Литературоведческий журнал №40 / 2017
Шрифт:
Желая доказать царю, что Любославские, несмотря на опалу, «любят его и верно служат своему отечеству», Алексей решил «ехать на войну, сразиться с неприятелями Русского царства и победить». Наталья, воскликнув, что «не может жить» без него, напомнив о его обещании никогда ее не покидать, заявляет: «Ты возьмешь меня с собою…» Алексей соглашается: «Поедем, поедем и умрем вместе, если так Богу угодно». Богу было угодно, чтобы победило русское воинство, чтобы при этом отличился Алексей, супруги остались живы и потом жили долго, окруженные «прекрасными детьми».

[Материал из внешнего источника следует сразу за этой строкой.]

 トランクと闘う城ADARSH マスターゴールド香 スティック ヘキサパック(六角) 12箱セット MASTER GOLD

Наталья и Алексей не замкнулись, не зациклились, говоря современным языком, на своем чувстве. Любовь к родине была для них важнее, и она спасла их от бед, неприятностей и возможного наказания за «слишком сильное прилепление» друг к другу.

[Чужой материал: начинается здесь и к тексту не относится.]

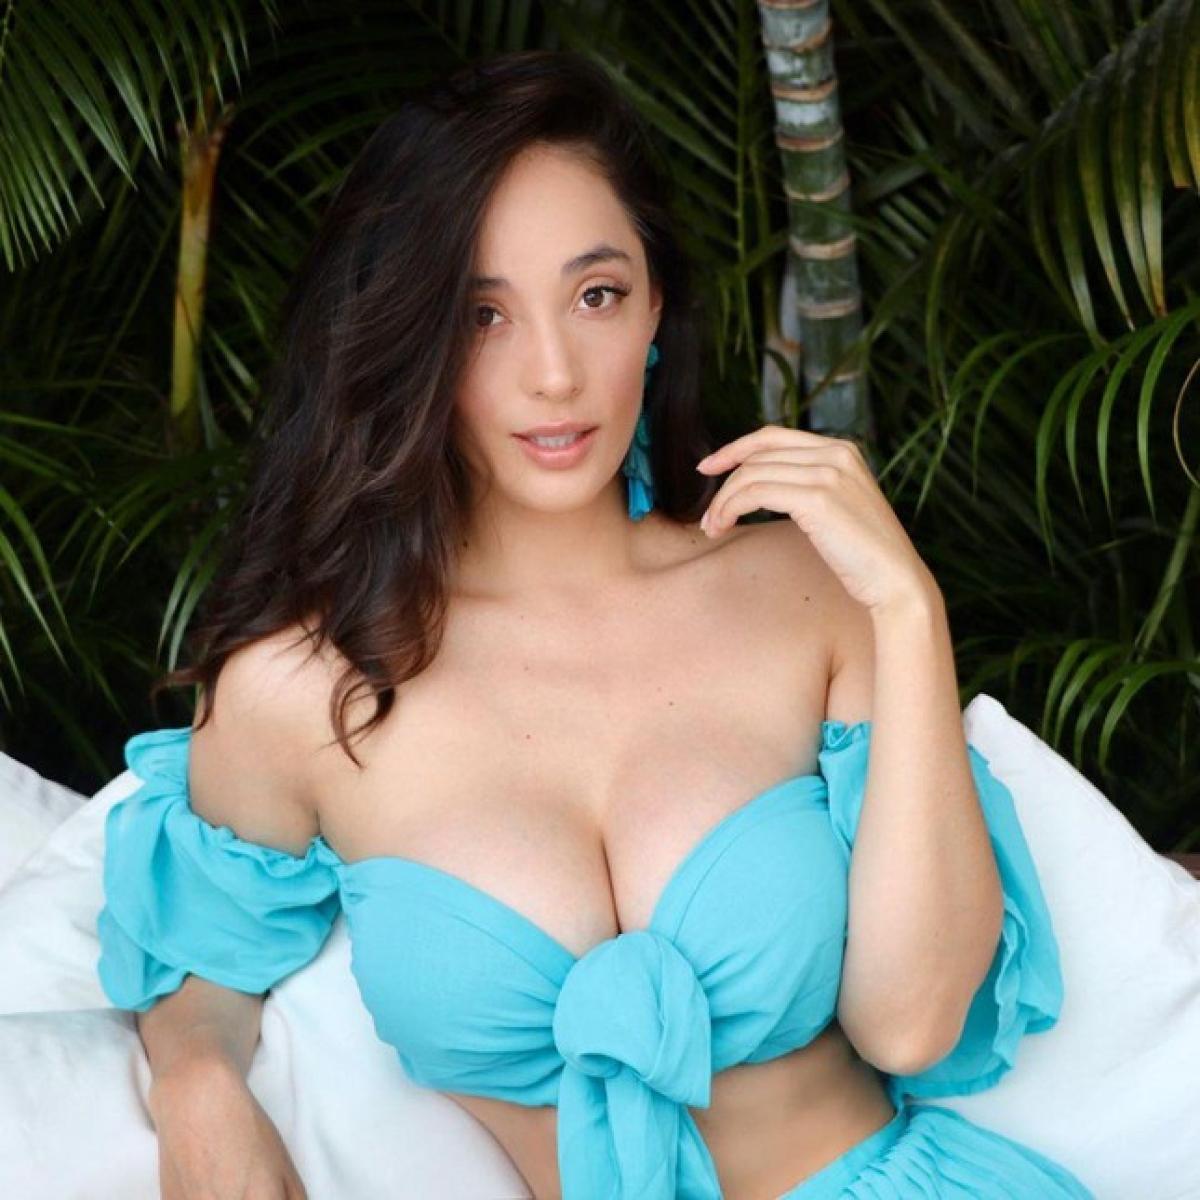 Eloísa Gutiérrez Rendón thu hút bởi chiều cao 1m75 và body quyến rũ. Người đẹp sở hữu những đường cong nóng bỏng khiến nhiều người ngưỡng mộ. Trên trang cá nhân, cô không ngại ngần khi thường xuyên chia sẻ những hình ảnh gợi cảm của mình.

Касается Карамзин и последствий преступной любви, которой не могли противиться родные брат и сестра и которая окончилась печально: он, проклятый отцом, влачит свои дни в изгнании, вдали от дома; она – в сырой и холодной пещере за «широкою железною дверью», лишенная «дневного света», сохнет «без ропота, без жалоб» в надежде, что жизнь ее «скоро кончится» («Остров Борнгольм», 1793).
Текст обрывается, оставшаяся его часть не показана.